Kidnapped aid worker backs PM over 'no deal' stance
A Japanese woman kidnapped by Iraqi militants last month said she backed Tokyo’s rejection of her captors’ demands that it withdraw its troops from Iraq or see her burned alive.
In her first public remarks about her week-long ordeal, volunteer aid worker Nahoko Takato said she was terrified of being killed by the gunmen who took her and two compatriots hostage at an Iraqi petrol station on April 7.
The rebels said they would burn the three alive unless Japan pulled its military out of Iraq. Prime minister Junichiro Koizumi refused, saying he would not bow to terrorist demands.
The three were released a week later through the intervention of Muslim clerics.
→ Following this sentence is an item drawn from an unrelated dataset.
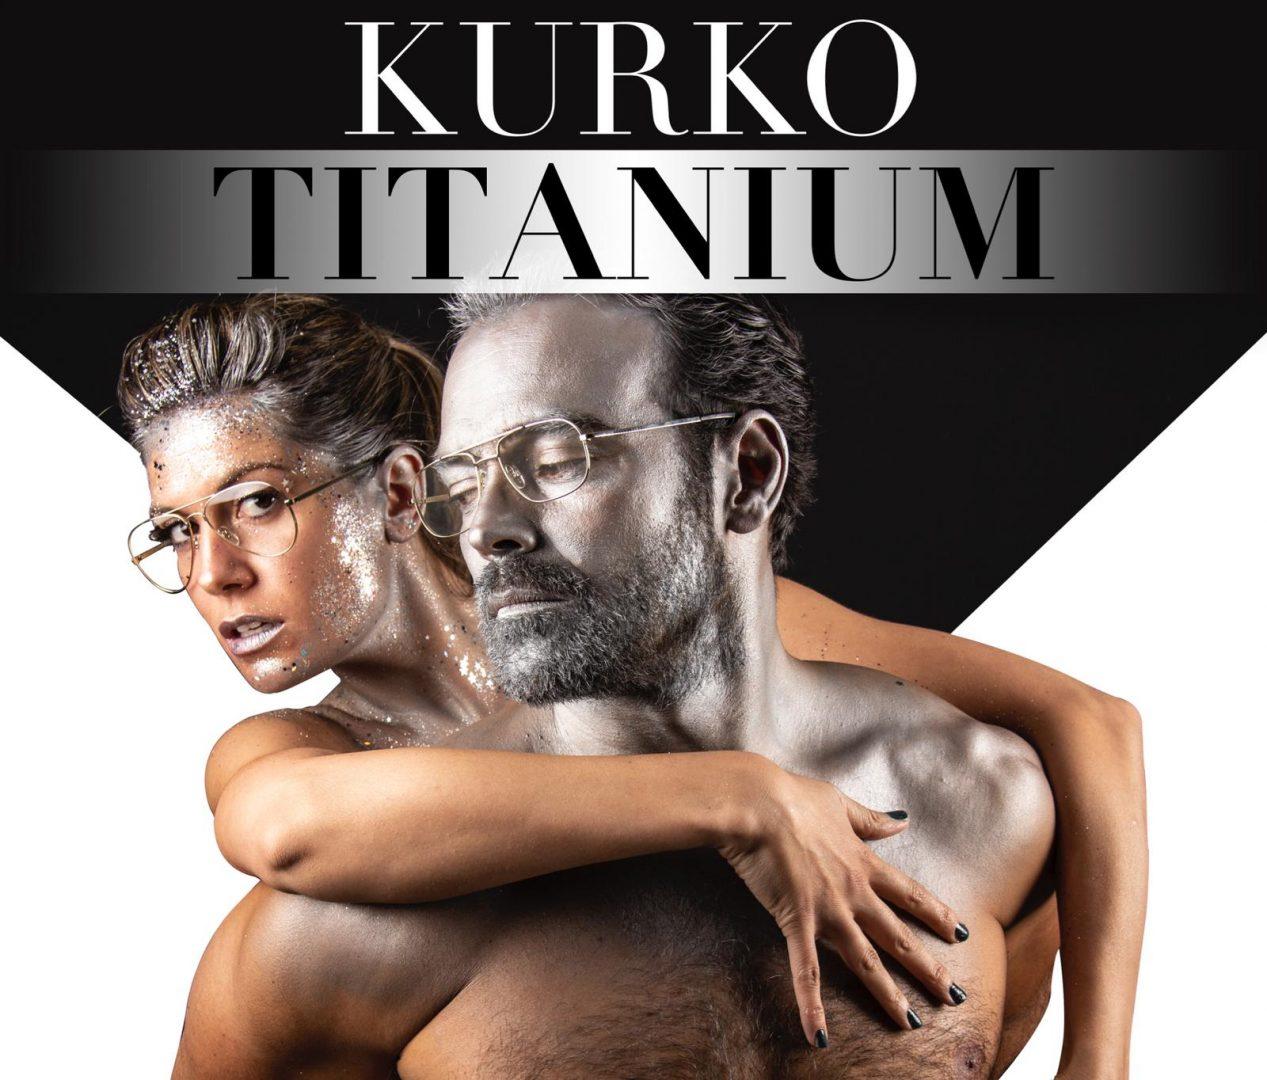 Kurko Titanium B/N 2019

“I think it was natural that they didn’t withdraw the Self-Defence Forces (Japan’s military),” Takato said in an interview with the Japanese press reported by Kyodo News Agency.
She added she had been well aware of the risks of going to Iraq.
“I prepared myself for that fact that I could die at any time,” Takato said. “I acted after having reflected carefully.”
Returning home to Japan, the three found themselves the target of intense criticism as the media and government officials slammed them for ignoring official travel warnings and for not taking enough safety precautions.
Relatives of the three were also widely criticised for publicly urging Koizumi to accept the kidnappers’ demands.
Takato, 34, did not directly rebut the criticism, saying only: “I think it is natural that there are many opinions.” She said, however, that she believed her aid work was more important than ever.
Takato said she continued to think of the situation in Iraq every day and harboured no ill feeling towards Iraqis.
In a grim video aired repeatedly on Japanese television, the kidnappers manhandled the three at gunpoint and pointed knives at their throats. Takato said she tried to tell the gunmen she was in Iraq to help their country so they would spare her, the photojournalist and the other aid worker.
Japan has maintained its deployment of about 550 Japanese soldiers in the south-eastern Iraq city of Samawah carrying out non-combat, humanitarian projects. It is this country’s largest military mission since the Second World War ended in 1945.
Two other Japanese people taken hostage in a separate incident last month were also released unharmed.